What needs to be done: Omit all images, then repeat exactly the lines below from the one containing "Олимпийка Nike Zenit" through the one containing "Urime viti i", both ends included.

Material to process:
_ _ _ _ _
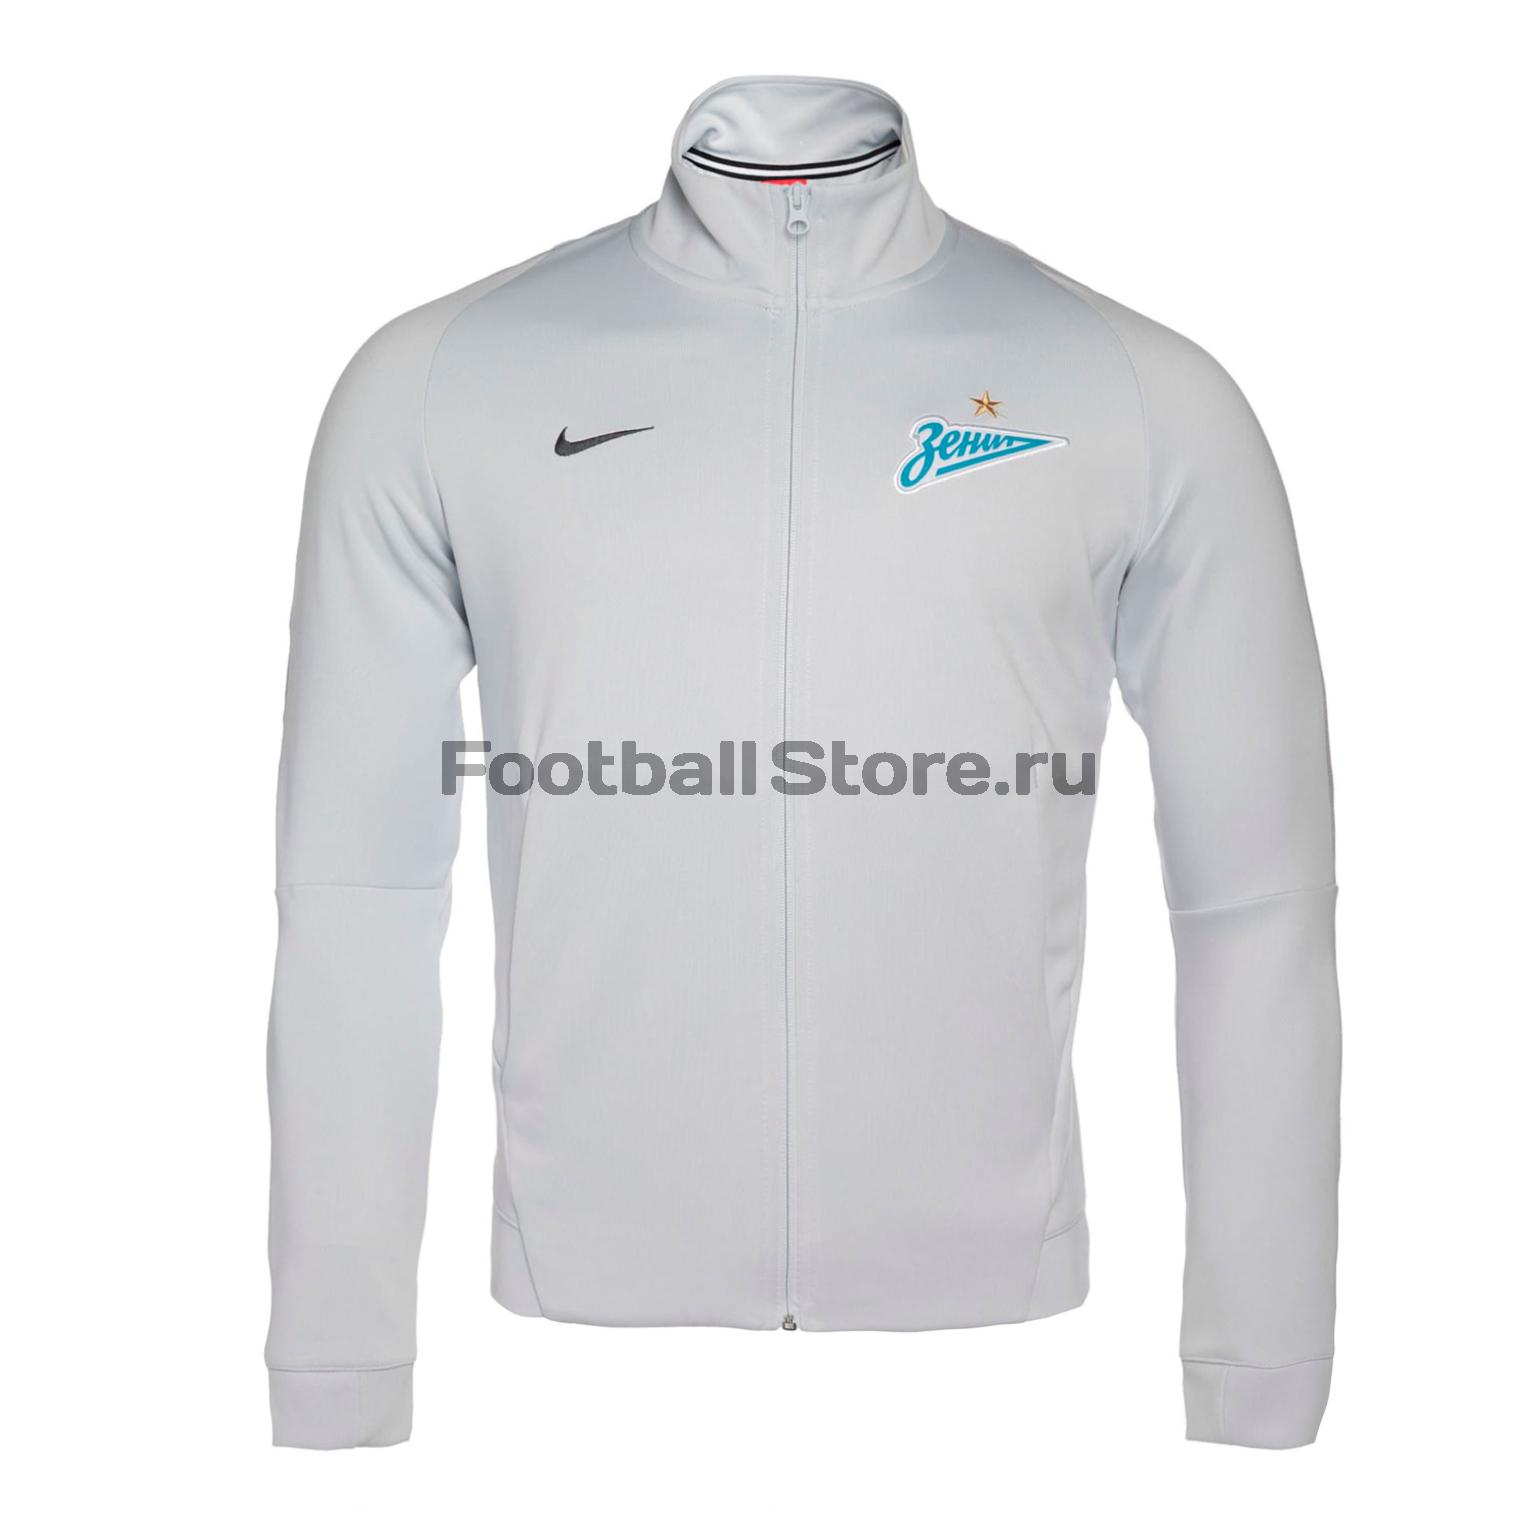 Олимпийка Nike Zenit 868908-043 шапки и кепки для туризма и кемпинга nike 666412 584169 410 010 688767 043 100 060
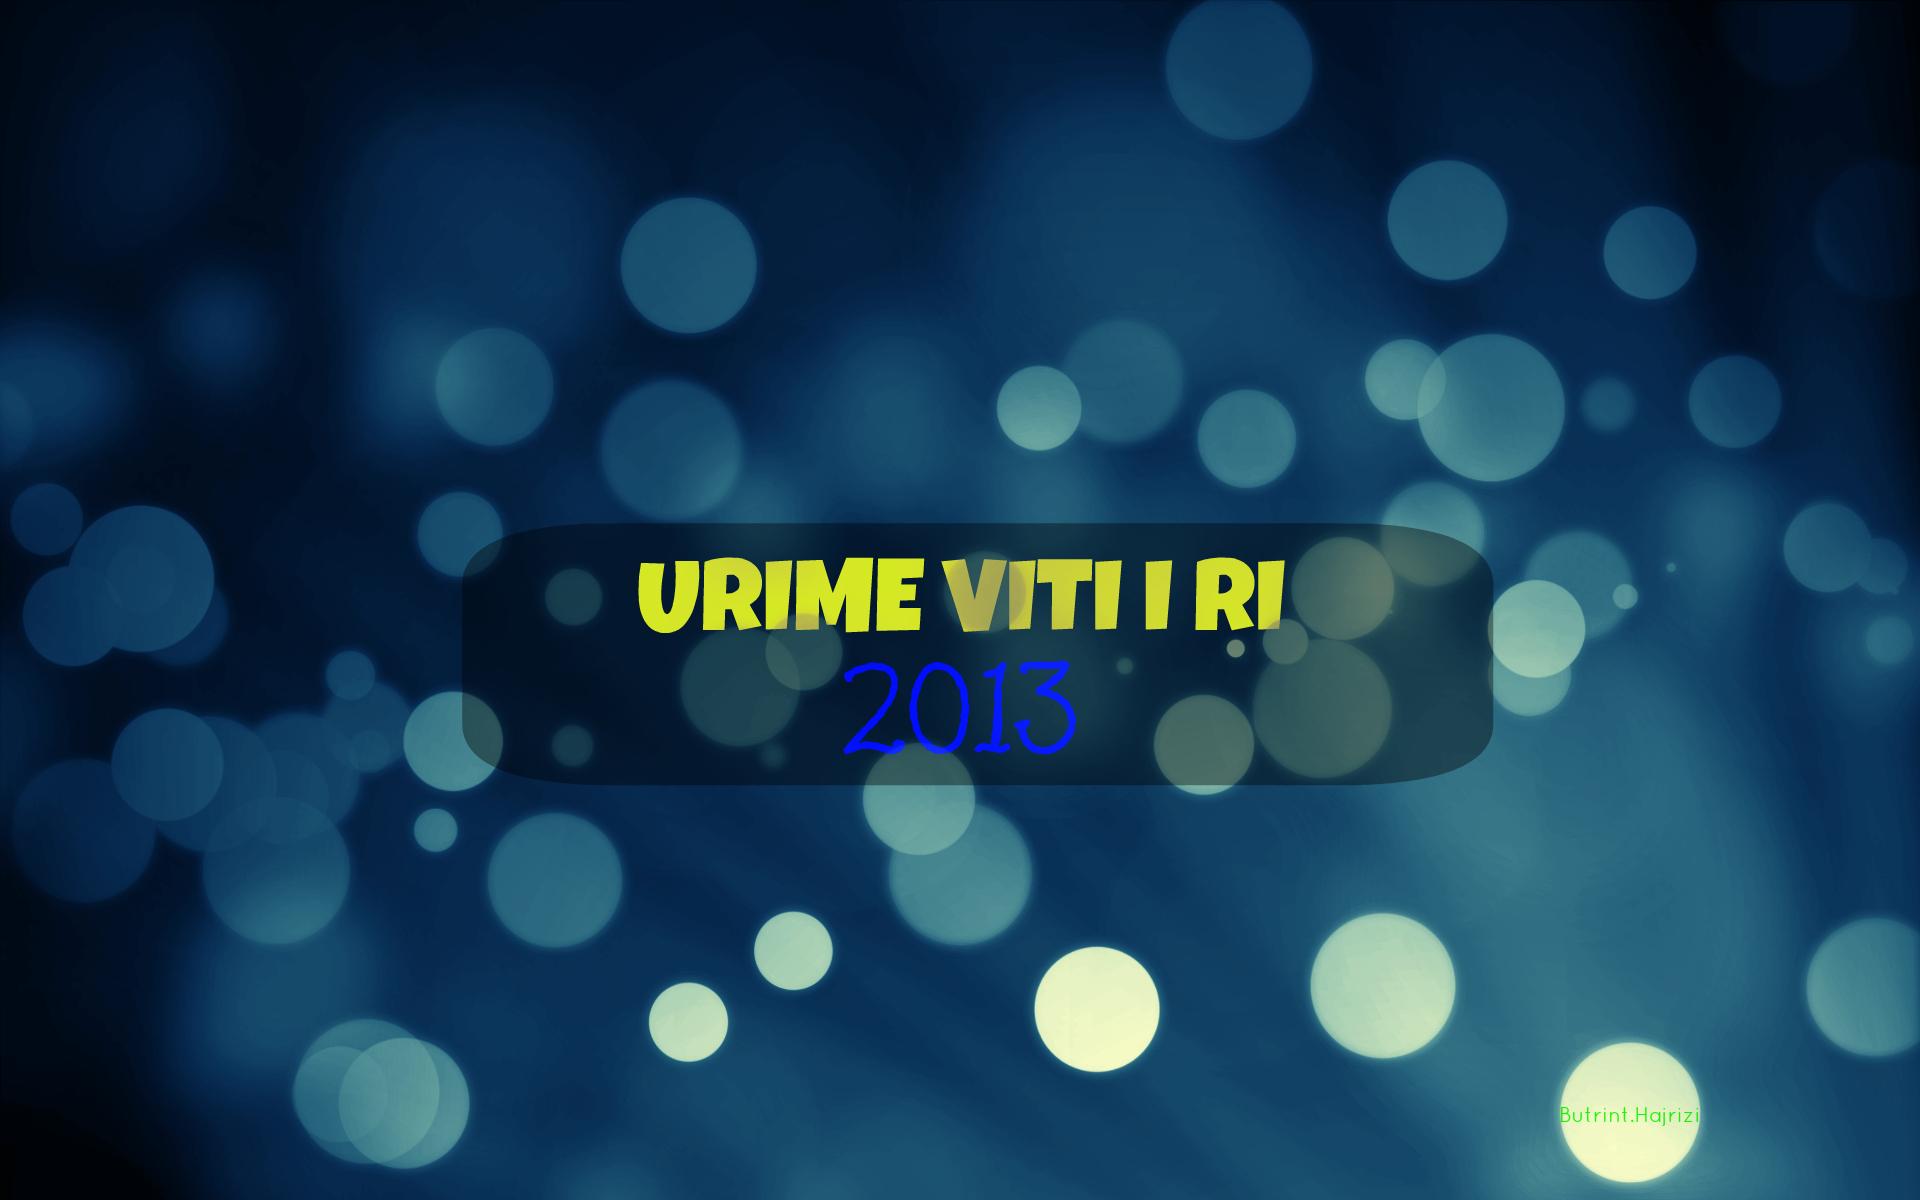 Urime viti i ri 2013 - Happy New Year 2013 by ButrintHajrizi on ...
_ _ _ _ _
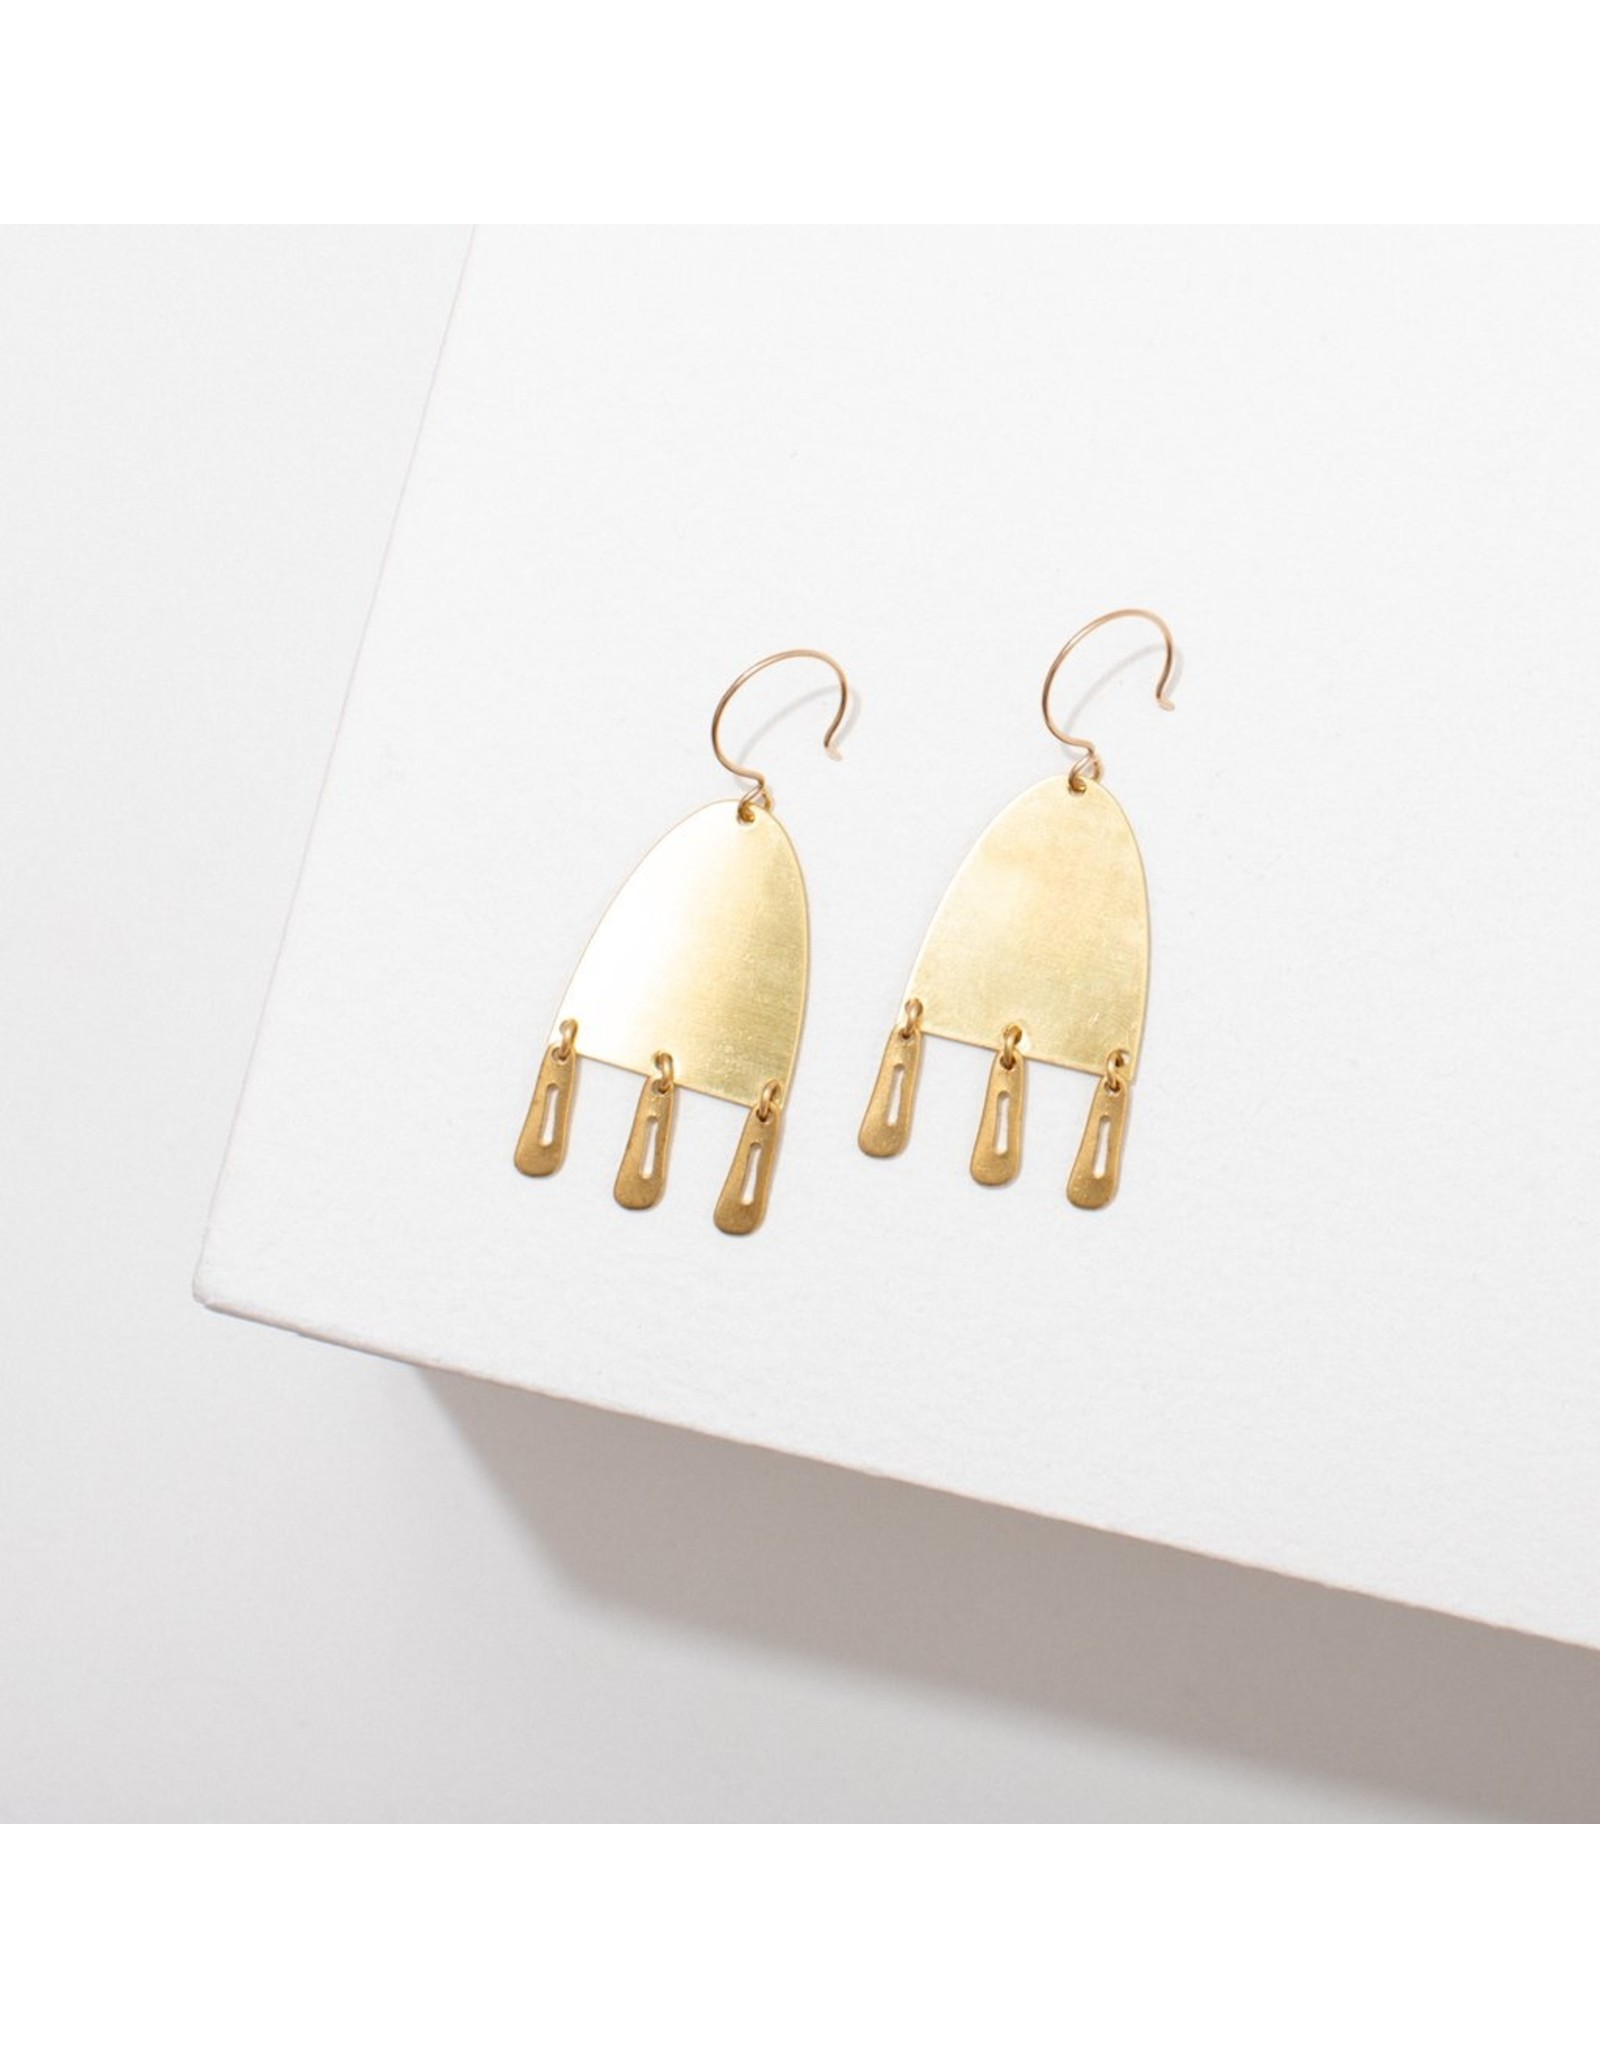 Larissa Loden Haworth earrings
_ _ _ _ _
Result of this exercise:
 Олимпийка Nike Zenit 868908-043 шапки и кепки для туризма и кемпинга nike 666412 584169 410 010 688767 043 100 060
 Urime viti i ri 2013 - Happy New Year 2013 by ButrintHajrizi on ...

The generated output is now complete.